Title: Novel characterization of materials using THz spectroscopic techniques
Author: Sengupta, Amartya
View Online: njit-etd2006-084
(xvi, 95 pages ~ 10.0 MB pdf)
Department: Federated Physics Department of NJIT and Rutgers-Newark
Degree: Doctor of Philosophy
Program: Applied Physics
Document Type: Dissertation
Advisory Committee: Federici, John Francis (Committee chair)
Barat, Robert Benedict (Committee member)
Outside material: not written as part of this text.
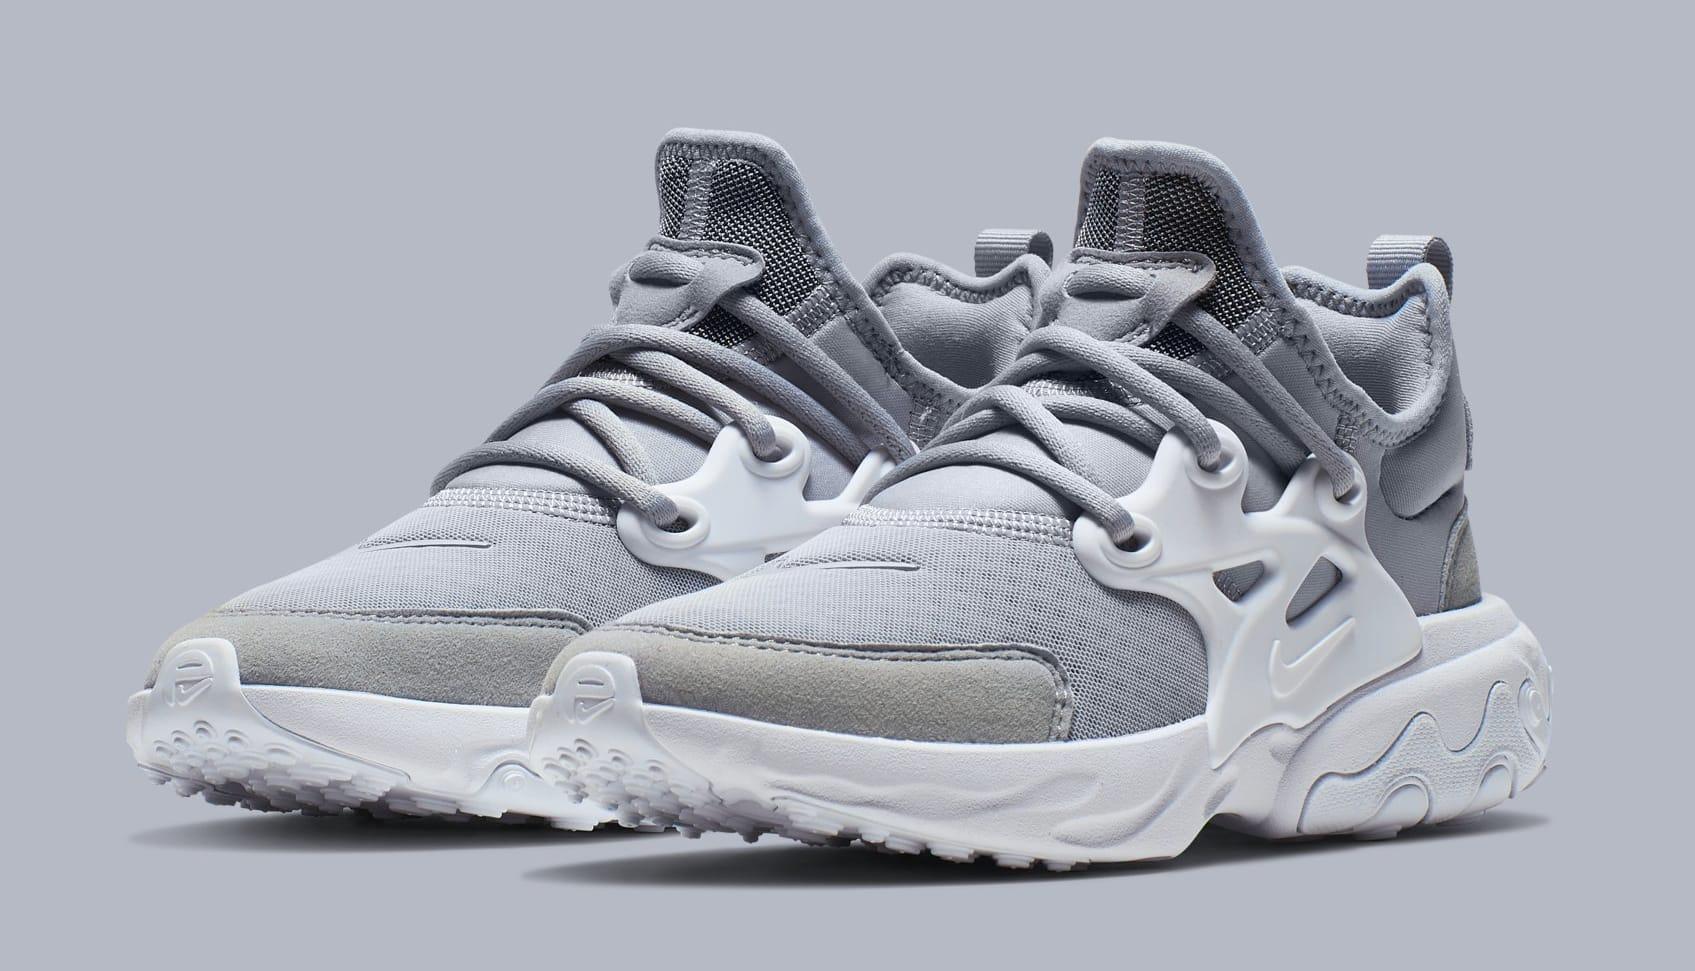 Nike Presto React BQ4002-002 (Pair)

Gary, Dale E. (Committee member)
Mendelsohn, Richard (Committee member)
Ravindra, N. M. (Committee member)
Swain, P.K. (Committee member)
Date: 2006-05
Keywords: THz
Spectrospocy
Materials
Gate dielectrics
Olefin polymers
Availability: Unrestricted
Abstract:

Significant scientific and technical challenges within the terahertz (THz) frequency regime have recently motivated an array of new research activities. This involves numerous applications of this region of the electromagnetic spectrum between approximately 100 GHz (3mm) and 3 THz (100 µm) for both spectroscopy and imaging purposes. THz time domain spectroscopy is unique in that the time domain waveforms are measured and the complex optical constants are deduced directly without resorting to the Kramers-Kronig Analysis.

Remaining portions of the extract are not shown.